Marian has also observed that by allowing her daughter to try many things on her own, she is also helping Zia become strong and self-reliant.
She confirmed this when Zia tripped when they were touring Disneyland.
Marian said she was unnerved, but Zia was just cool about it.
"Noong pumunta kami ng Disneyland, nadapa siya. Kami pa iyong, 'O!'
"'Tapos, siya pa iyong, 'It's okay, I'm brave.'"
Marian reiterated, "Hayaan mo sila maging bata kasi sabi nga, minsan lang sila maging bata. Ba't mo sila pipigilan?"
Marian discussed her parenting techniques to the moms present at the Smart Parenting Masterclass held last September 28, 2019 at the Loft Coworking Space in Mandaluyong City.
Like any three-year-old, Zia also has the tendency to fuss and be upset about certain things.
So PEP.ph (Philippine Entertainment Portal) asked Marian how she handles these situations.
The 34-year-old mom said that the key is good communication.
She says, "Kakausapin ko siya, mag-uusap kaming dalawa.
"Bata iyan, e.
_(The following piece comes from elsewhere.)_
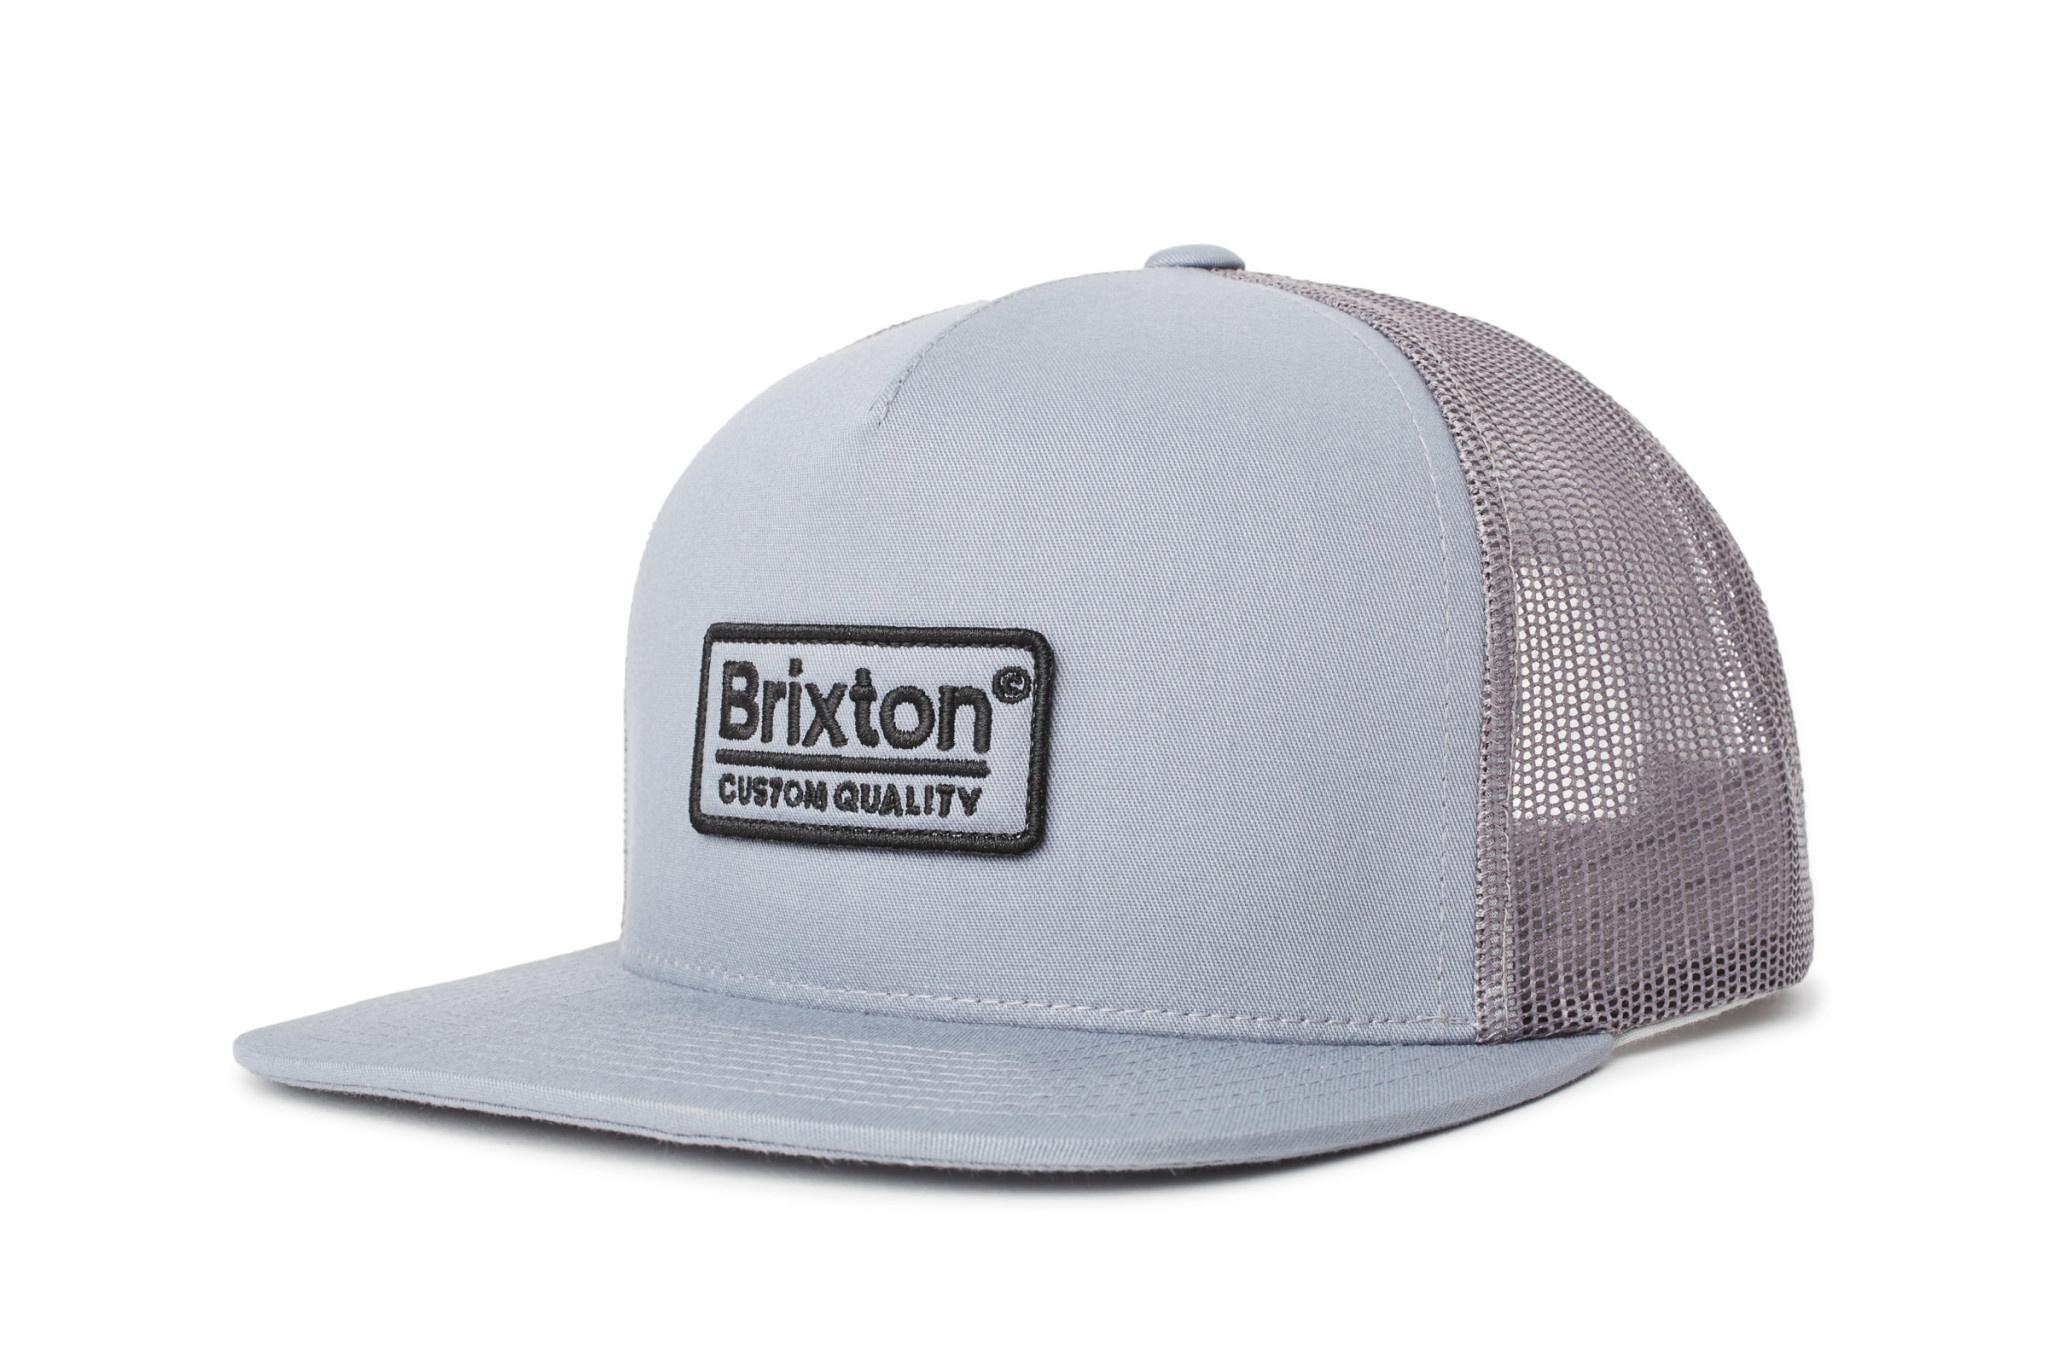 Brixton Brixton Palmer Mesh Cap - Grey/Black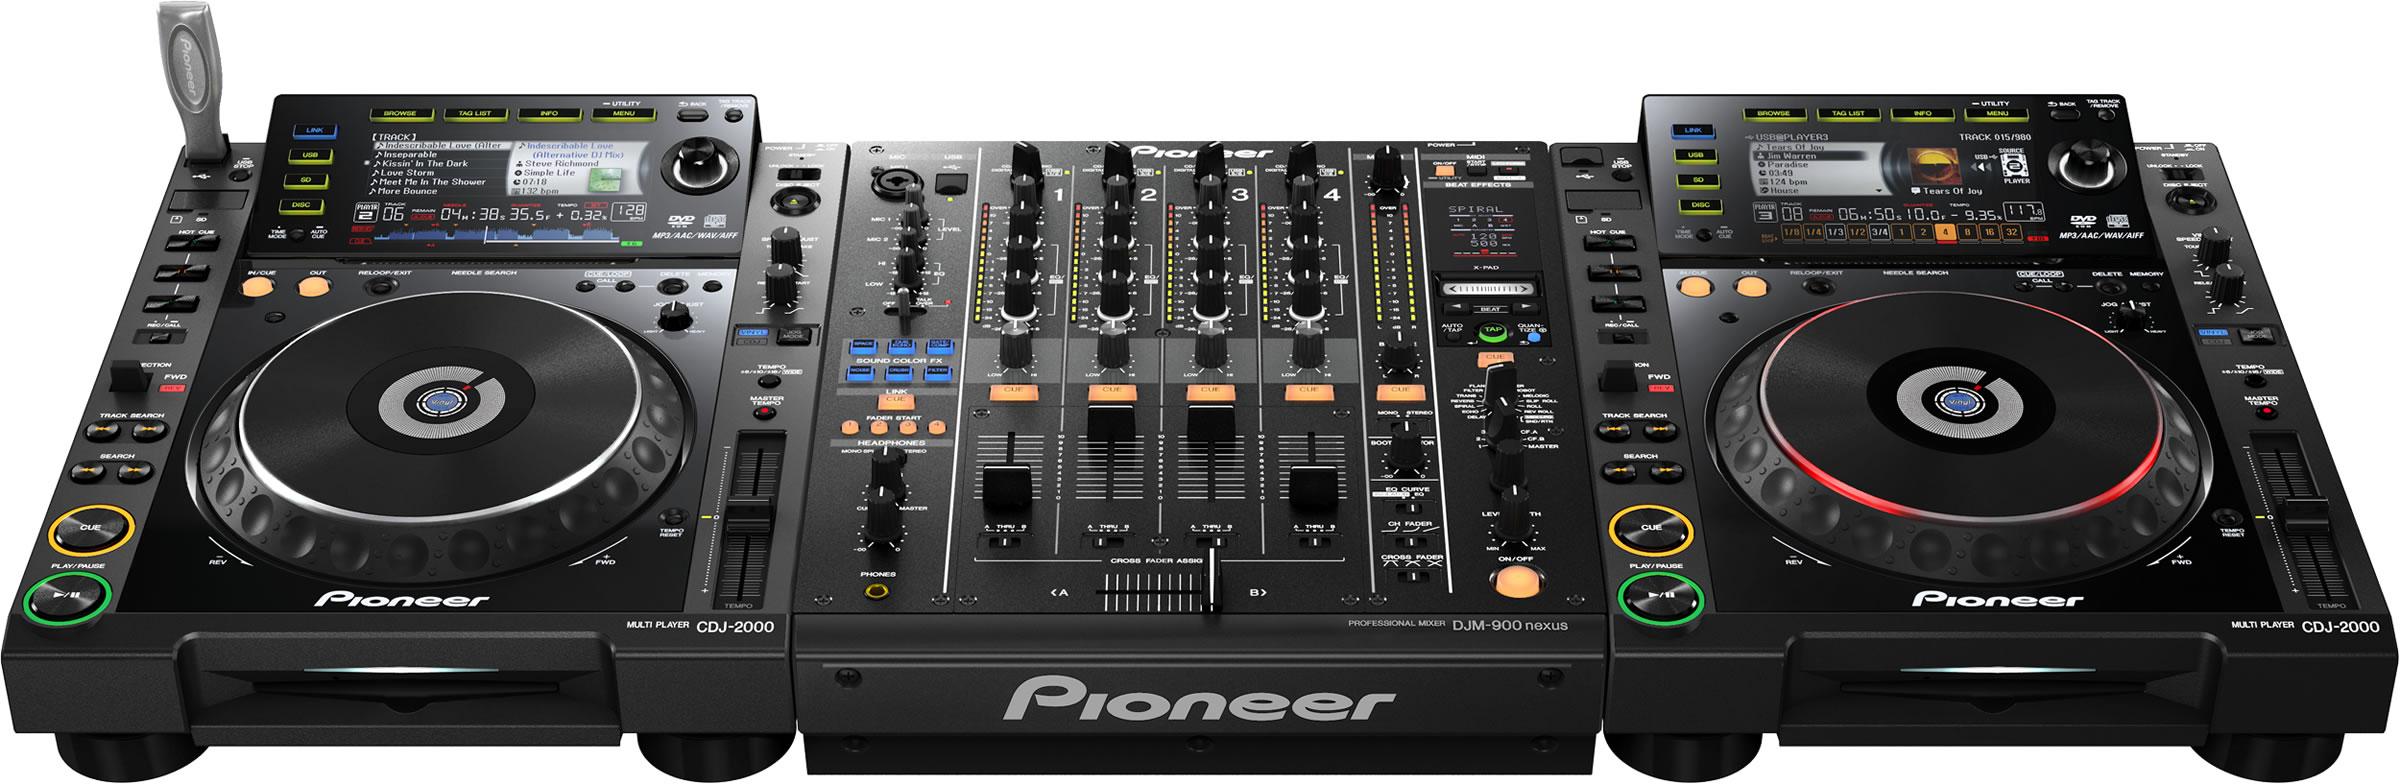 2400x784 > Pioneer Wallpapers

Kahit anong gawin mo, bata ay bata.
"May mga panahon talagang magta-tantrums iyan, pero kakausapin mo lang nang maayos."
Parents have their own discipline methods for their kids.
Luckily, for Zia, something as simple as pretending she's hurt works to her advantage.
She says, "Alam mo iyon, bilang nanay may kanya-kanya tayong strategy kung pano natin iha-handle ang mga tantrums ng anak natin.
"So kay Zia, nag-work sa kanya na umaarte-arte ako, na ayaw niyang nasasaktan ako. Umiiyak ako, nag-iiyak-iyak ako para tumigil na siya. Kasi ayaw niyang nasasaktan ako, e."
While pretending that she's crying, Zia would approach her while saying, "Mama, I'm okay, I'm so sorry."
Marian continues, "Pag nakita niyang nasasaktan at umiiyak, stop na siya. Tapos na."